Since the spectacular achievement of the ultimate thin wire (a suspended
linear gold atom chain), an intense research activity has been devoted to
determine the ubiquity of this phenomenon. Although formations of these
monatomic chains have been corroborated indistinctively through
high-resolution transmission electron microscopy observations and conductance
measurements on mechanically controllable break junctions composed of 5d metal
nanowires, results on 3d and 4d metals differ depending on the considered
technique. Moreover, the high stability exhibited by such chains still remain
a mysterious because quantum calculations predict a zigzag shape instead of
the visualized linear structure. I will present a systematic molecular
dynamics study based on the NRL tight-binding approximation to investigate the
breaking process of monovalent metal nanowires. Our results show that at low
temperature (4 K) gold, silver and copper exhibit linear and stable monatomic
chains, while at room temperature silver and copper chains become unstable by
overcoming a potential barrier that allow them to adopt the zigzag geometry.

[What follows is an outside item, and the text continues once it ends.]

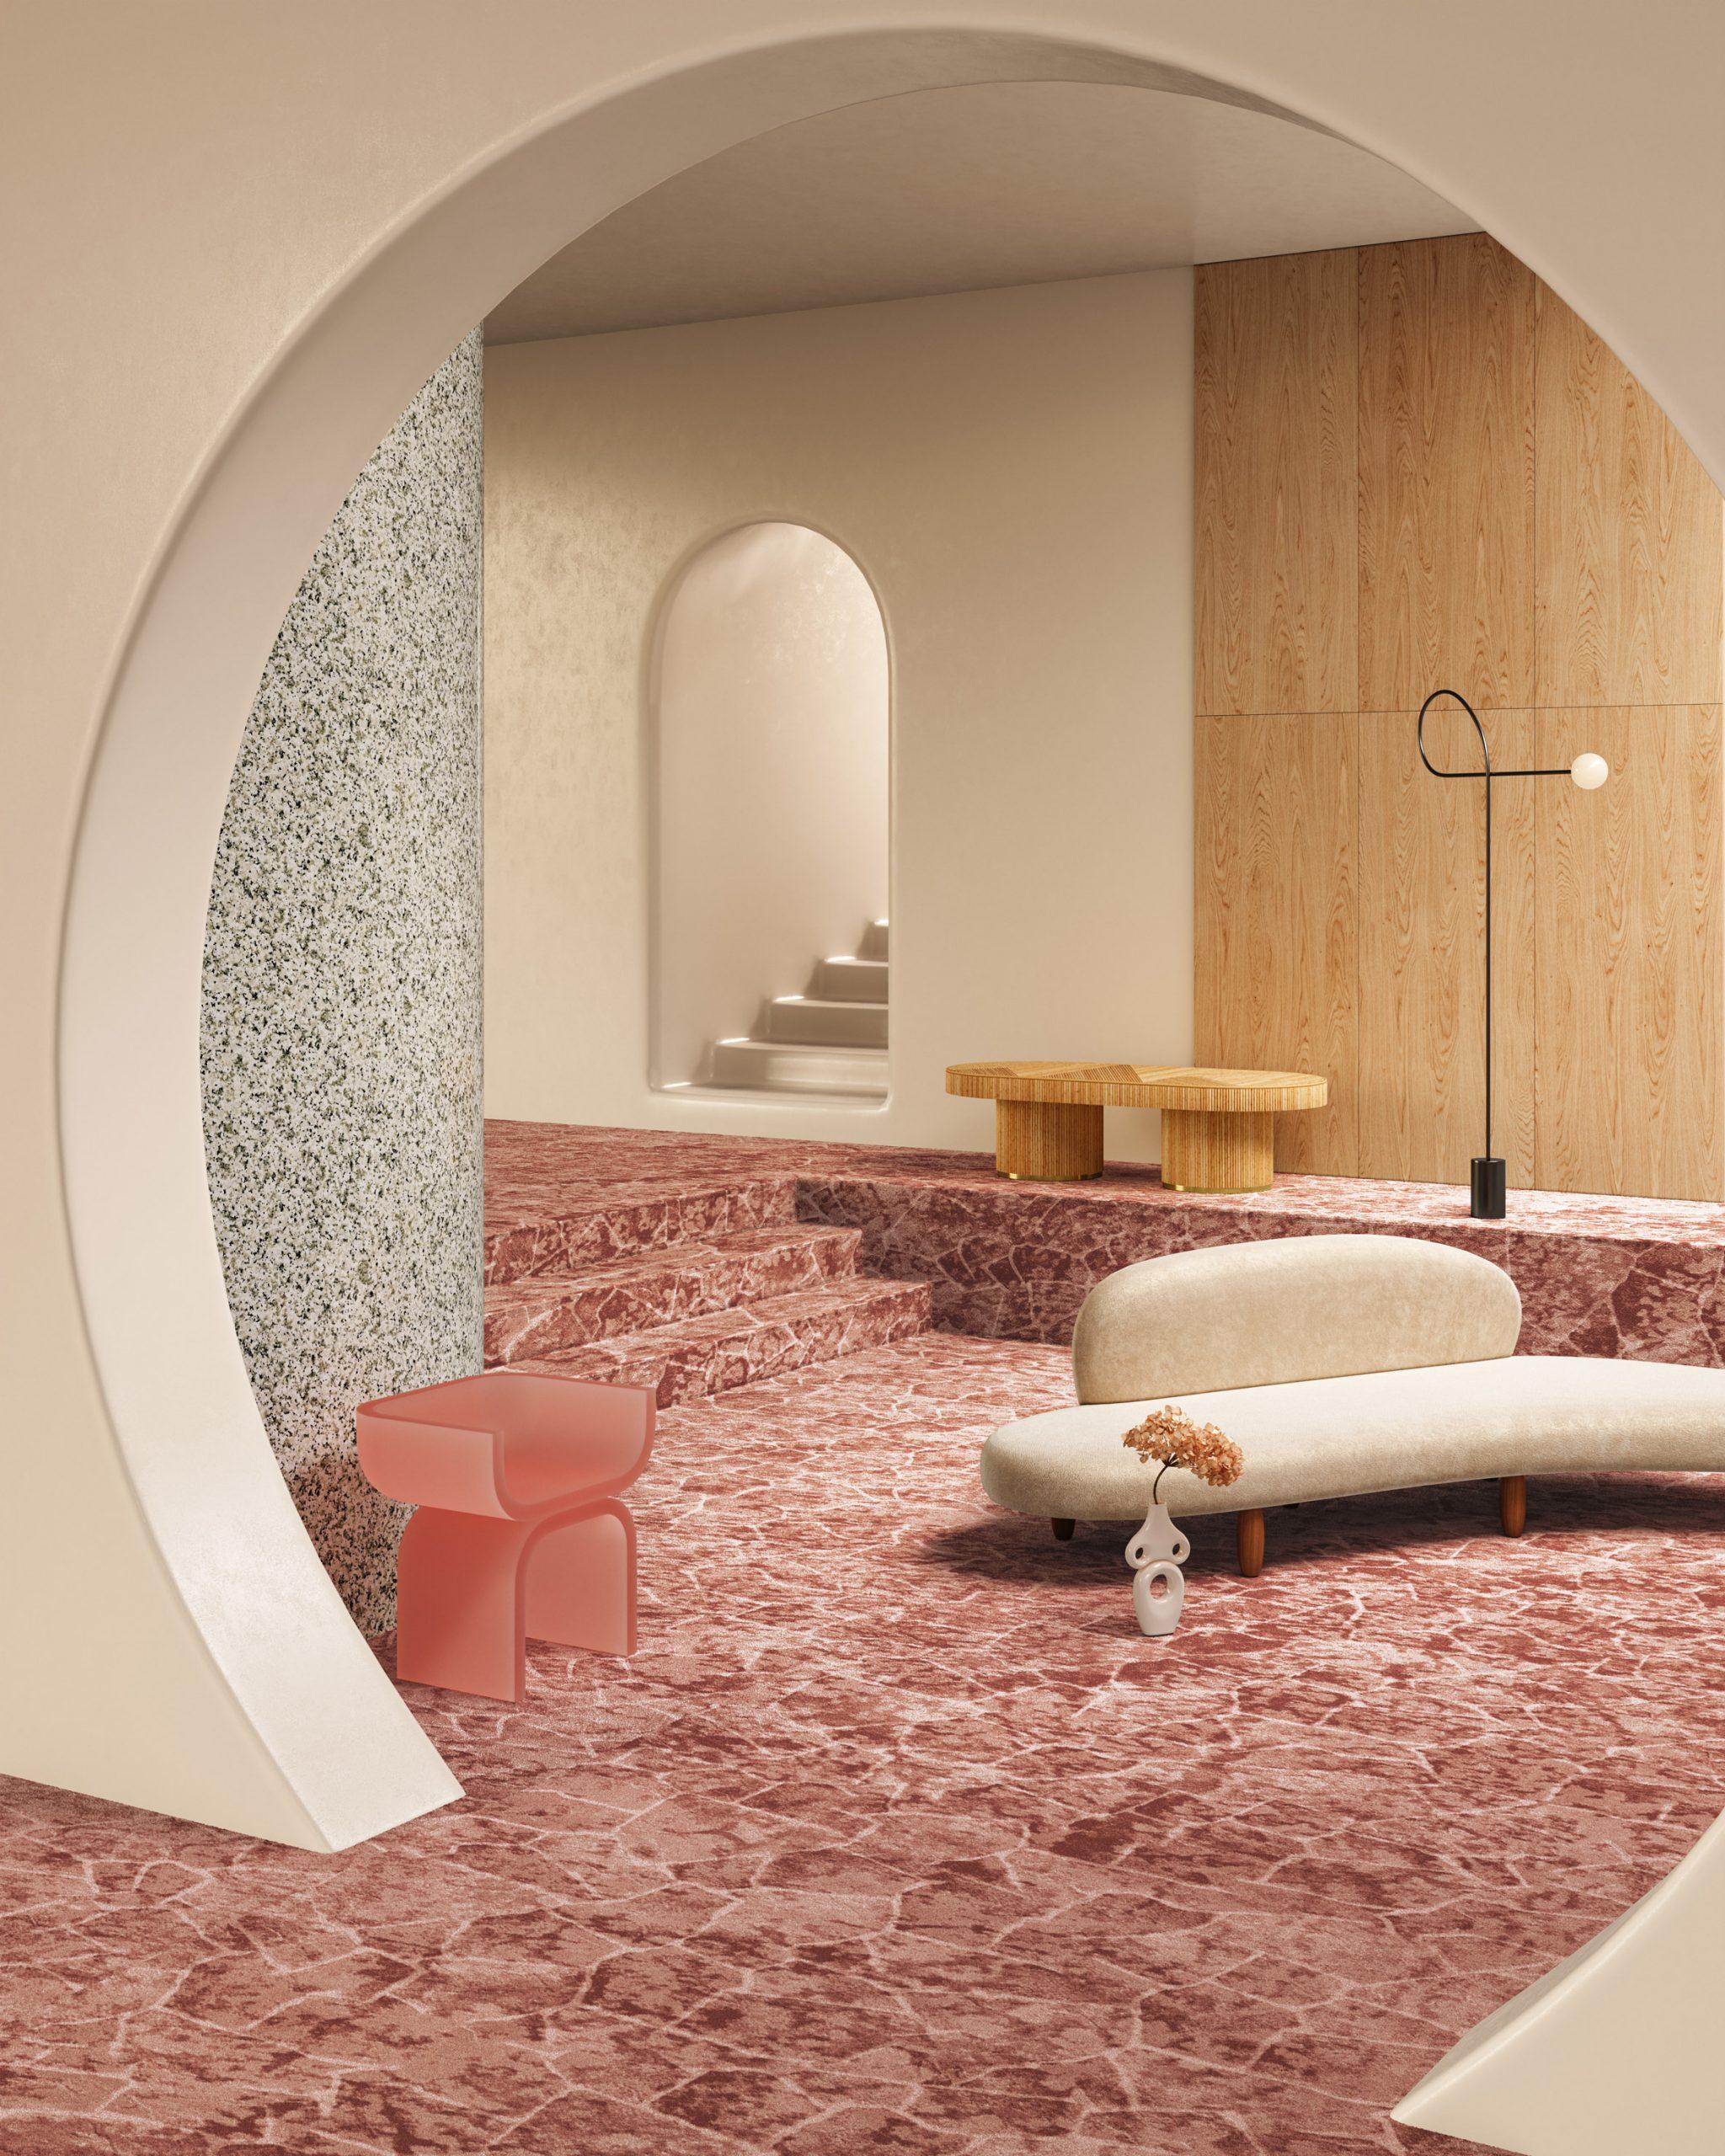 Tsar rust-coloured carpet in a minimal contemporary room

The average number of atoms contained in these suspended atomic chains depend
on the temperature and the metal specie. Besides to clarify the controversy in
the literature on their formation in 3d and 4d metals, these findings give
insights on the advantages and limitations of detecting them through
conductance measurements on breaking nanowires.

                          November 20, 4:30 pm
                   Room 301, Research I, Fairfax Campus

Refreshments will be served at 4:15 PM.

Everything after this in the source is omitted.